Widersprüchliches aus dem Hause Wessels

06.05.2019

Obwohl die Bilanz des Pilotprojekts Elsässerstrasse schlecht war, will das Bau- und Verkehrsdepartement zusätzliche Dosierstellen auf Hauptverkehrsachsen erstellen, was künstliche Rotlicht-Staus und längere Fahrtzeiten zur Folge hätte. Ein Blick in den regierungsrätlichen Bericht bestätigt den Eindruck eines völlig unausgereiften Konzepts. Dieser bringt nämlich allerlei Widersprüchliches zu Tage.

Der Regierungsrat möchte den Verkehr stärker auf die Hauptverkehrsachsen lenken und die Wohnquartiere entlasten. Dieses grundsätzlich sinnvolle Ziel soll mit einem städtischen Verkehrslenkungskonzept und völlig untauglichen Massnahmen erreicht werden. Konkret sollen sieben Dosierstellen auf wichtigen Ausfallachsen dafür sorgen, dass mittels verlängerter Rotphasen der Verkehr nach Basel verzögert wird.

PILOTPROJEKT GESCHEITERT

Als Basis dieses Konzepts dient ein seit Oktober 2017 laufender Pilotversuch an der Elsässerstrasse. Der Regierungsrat spricht von einem «erfolgreichen Test», die Auswertung des Versuchs deutet allerdings auf das Gegenteil hin. So führte die Dosierstelle nicht nur zu einer längeren Fahrtzeit auf der Elsässerstrasse, sondern auch zu erheblichem Ausweichverkehr auf der Schlachthofstrasse. Die Kapazität des Knotens Elsässerstrasse/ Hüningerstrasse nahm um 12,5 Prozent ab. Die angestrebte Verbesserung der Situation am Voltaplatz wurde trotzdem klar verfehlt.

WEITERE EINSCHRÄNKUNGEN FÜR DEN MOTORISIERTEN INDIVIDUALVERKEHR

Trotzdem sollen nun sechs weitere Dosierstellen erstellt werden. Ein Blick in den regierungsrätlichen Bericht verrät die wahren Absichten des Bau- und Verkehrsdepartements: So sollen, um unerwünschte Schleichfahrten zu unterbinden, «flankierende Massnahmen» in Form von Geschwindigkeitsreduktionen, Einbahnverkehr und Abbiegeverboten umgesetzt werden. Zudem soll der Verkehr noch stärker einseitig auf Achsen verlagert werden, die heute schon an ihre Kapazitätsgrenzen gelangen wie beispielsweise der Luzernerring oder die Nauenstrasse.

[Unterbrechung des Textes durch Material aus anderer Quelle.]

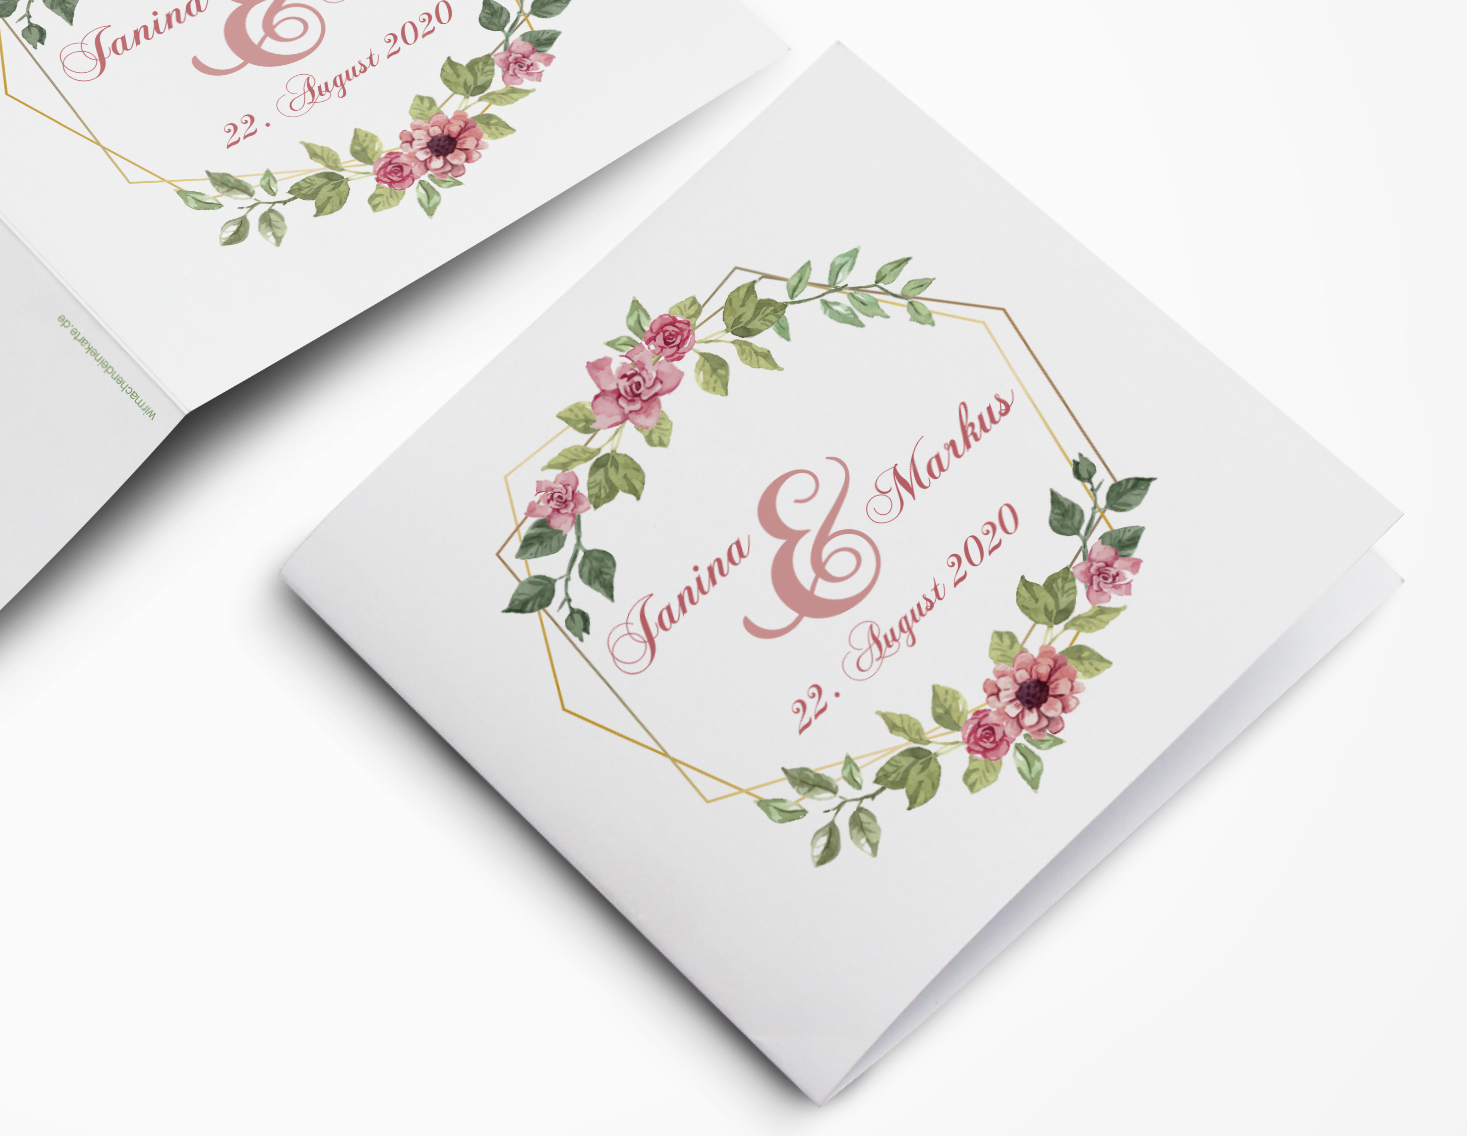 Einladungskarten Hochzeit Hochzeitskarten Mit Druck Blumen Raute Hochzeitseinladungen Hochzeit Wirmachendeinekarte

REFERENDUMSFÄHIGKEIT KNAPP NICHT GEGEBEN

Interessant ist auch der Blick auf das Kostenetikett: Die vorgesehenen Massnahmen sollen 1,22 Millionen Franken kosten, was knapp unter die Marke von 1,5 Millionen Franken zu liegen kommt, welche notwendig ist, damit gegen einen Ausgabenbeschluss das Referendum ergriffen werden kann. Ein Schelm, wer Böses denkt. Vor allem angesichts der Tatsache, dass die ebenfalls vorgesehenen Dosierstellen auf der Johanniterbrücke separat und zu einem späteren Zeitpunkt beschlossen und finanziert werden sollen. Kostenpunkt allein für diese Massnahme: 1,7 Millionen Franken.

WIDERSPRÜCHLICHE AUSSAGEN ZUR VERKEHRSENTWICKLUNG

Pikant ist zudem, dass der Regierungsrat in seinem Bericht erstmals von einer Zunahme des motorisierten Individualverkehrs auf dem Basler Strassennetz aufgrund von wachsenden
Pendlerströmen spricht. Diese Aussage widerspricht fundamental den offiziellen Verkehrszahlen des Bau- und Verkehrsdepartements, wonach der motorisierte Individualverkehr auf den verkehrsorientierten Strassen zwischen 2010 und 2017 um 5,3 Prozent, derjenige auf den siedlungsorientierten Strassen im gleichen Zeitraum um 2,4 Prozent abgenommen habe. Der Gewerbeverband Basel-Stadt hat die Qualität dieser Zahlen wiederholt angezweifelt. Mit der Ankündigung des Regierungsrates, neu auch auf siedlungsorientierten Strassen Verkehrszählungen durchführen zu wollen, werden diese Zweifel nun definitiv bestätigt.